Another embodiment of the present disclosure includes a flow control system for controlling the flow rate of slurry through a device. The device has an entrance and an exit and a device channel that extends from the entrance to the exit and has a first diameter. The flow control system includes a pump and a control valve. The pump is fluidly coupled to the entrance of the device and configured to pump the slurry into the device. The control valve is fluidly coupled to the exit of the device and includes a valve body, a pin, and an actuator. The valve body defines a flow channel that has a second diameter configured to allow slurry to flow through the valve body. The flow channel is further configured to accept slurry from the device. The first diameter and the second diameter are substantially the same. The pin is moveably coupled to the valve body and configured to slide into any position within the flow channel between a first position and a second position. In the first position the flow of slurry through the flow channel is restricted and in the second position the flow of slurry is allowed through the flow channel unrestricted up to a maximum second diameter. The actuator is configured to move the pin from the first position to the second position in rapid succession.
Another embodiment of the present disclosure includes a method for controlling the flow of slurry, by a control valve, through a device. The control valve includes a seat and a pin. The method includes admitting the slurry into the control valve. The control valve has a valve body defining a flow channel having a first diameter configured to allow slurry to flow through the valve body. The flow channel is further configured to accept slurry from the device. The device has a second diameter, such that the first diameter and the second diameter are substantially the same. The method further includes controlling, by the pin, a pressure of the slurry through the device. An actuator is configured to control the pin to a first position from a second position and from the second position to the first position. The slurry passes through the valve body upon exiting the device.

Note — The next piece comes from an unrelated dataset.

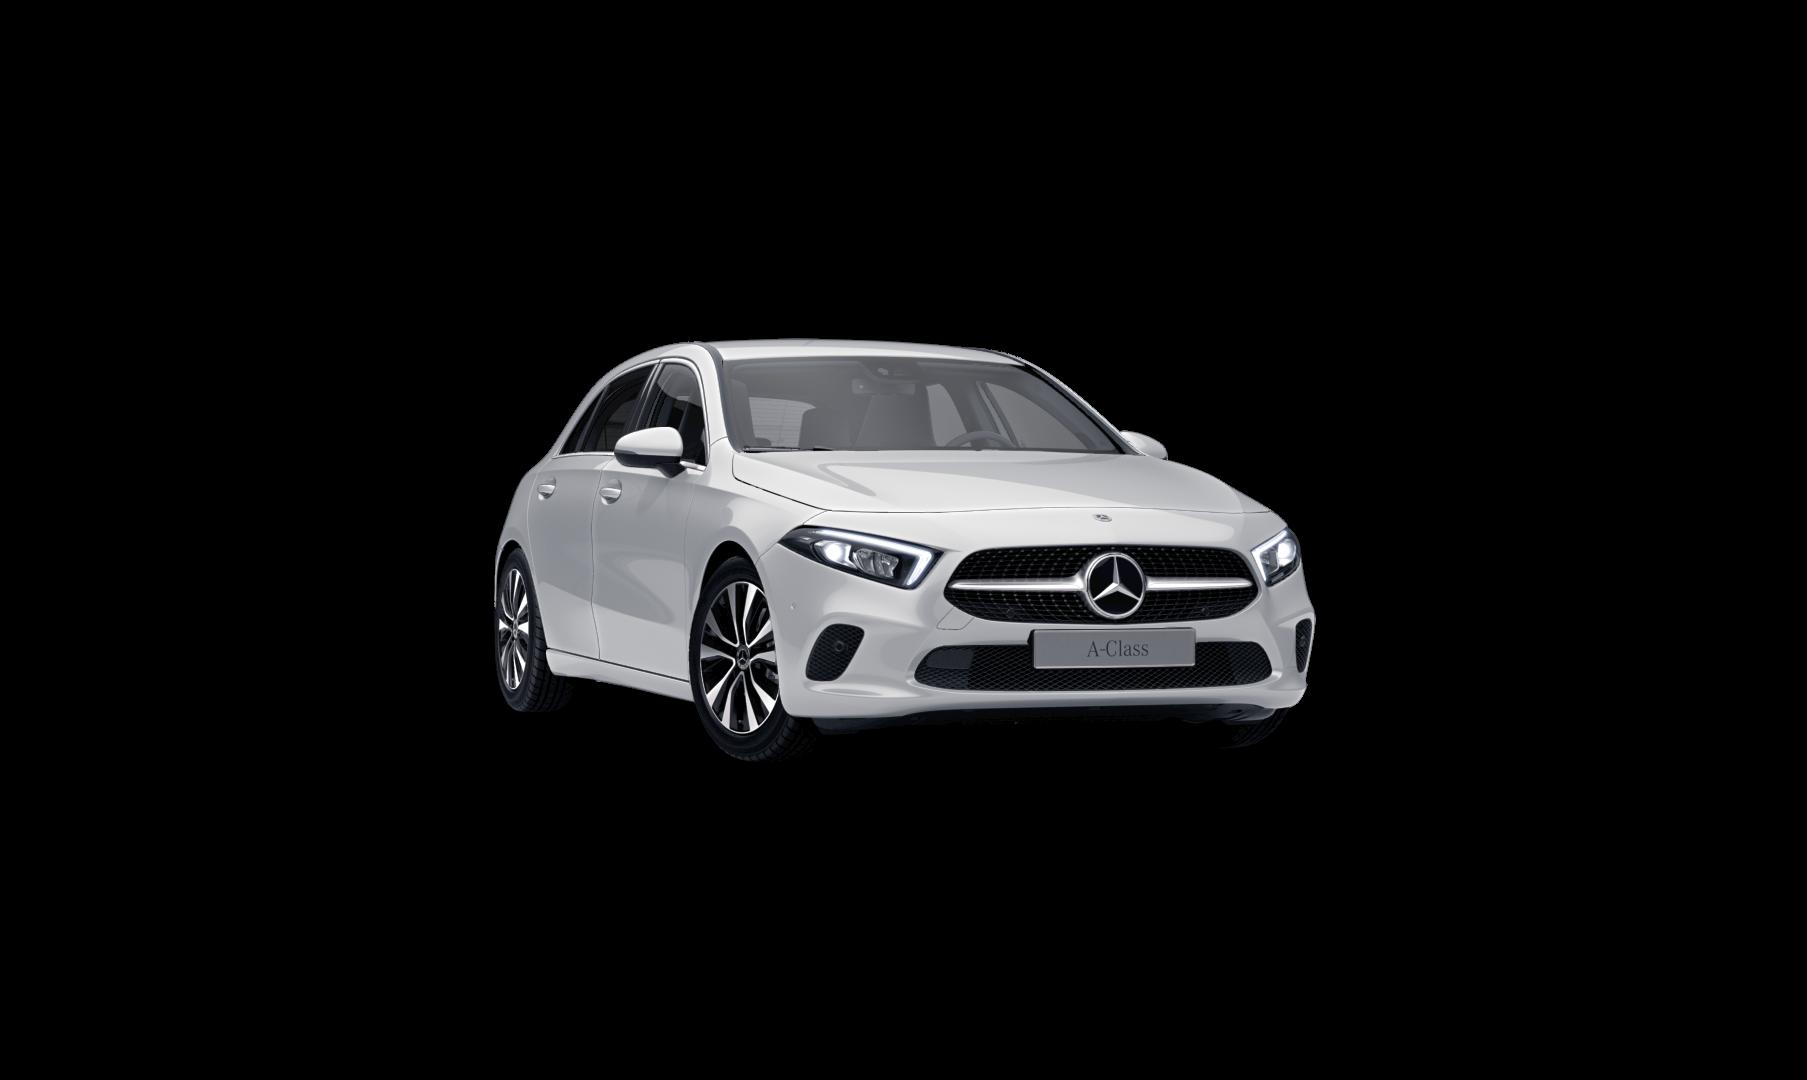 Mercedes Benz Classe A Grise Finition Style : Vue de trois quarts de profil à l'arrêt

BRIEF DESCRIPTION OF THE DRAWINGS

FIG. 1 is a schematic of a devolatilization system, according to one aspect of the disclosure.

FIG. 2 is a side view of a control valve system, according to one aspect of the disclosure.

FIG. 3 is a cross-sectional view of the front of an embodiment of a control valve system with a pin in a closed position, according to one aspect of the disclosure.

FIG. 4 is a cross-sectional view of the front of an embodiment of a control valve system with a pin in an open position, according to one aspect of the disclosure.

FIG. 5 is a cross-sectional view of the front of another embodiment of a control valve system with a pin in an open position, according to another aspect of the disclosure.

FIG. 6 is a schematic of a controller used to control a devolatilization system, according to one aspect of the disclosure.

FIG. 7 is a pin position diagram during operations, according to an aspect of this disclosure.

FIG. 8 is a pin position diagram during a valve clear operation, according to an aspect of this disclosure.

FIG. 9 is a cross-sectional view of a portion of the front of another embodiment of a control valve system having debris within, according to an aspect of this disclosure.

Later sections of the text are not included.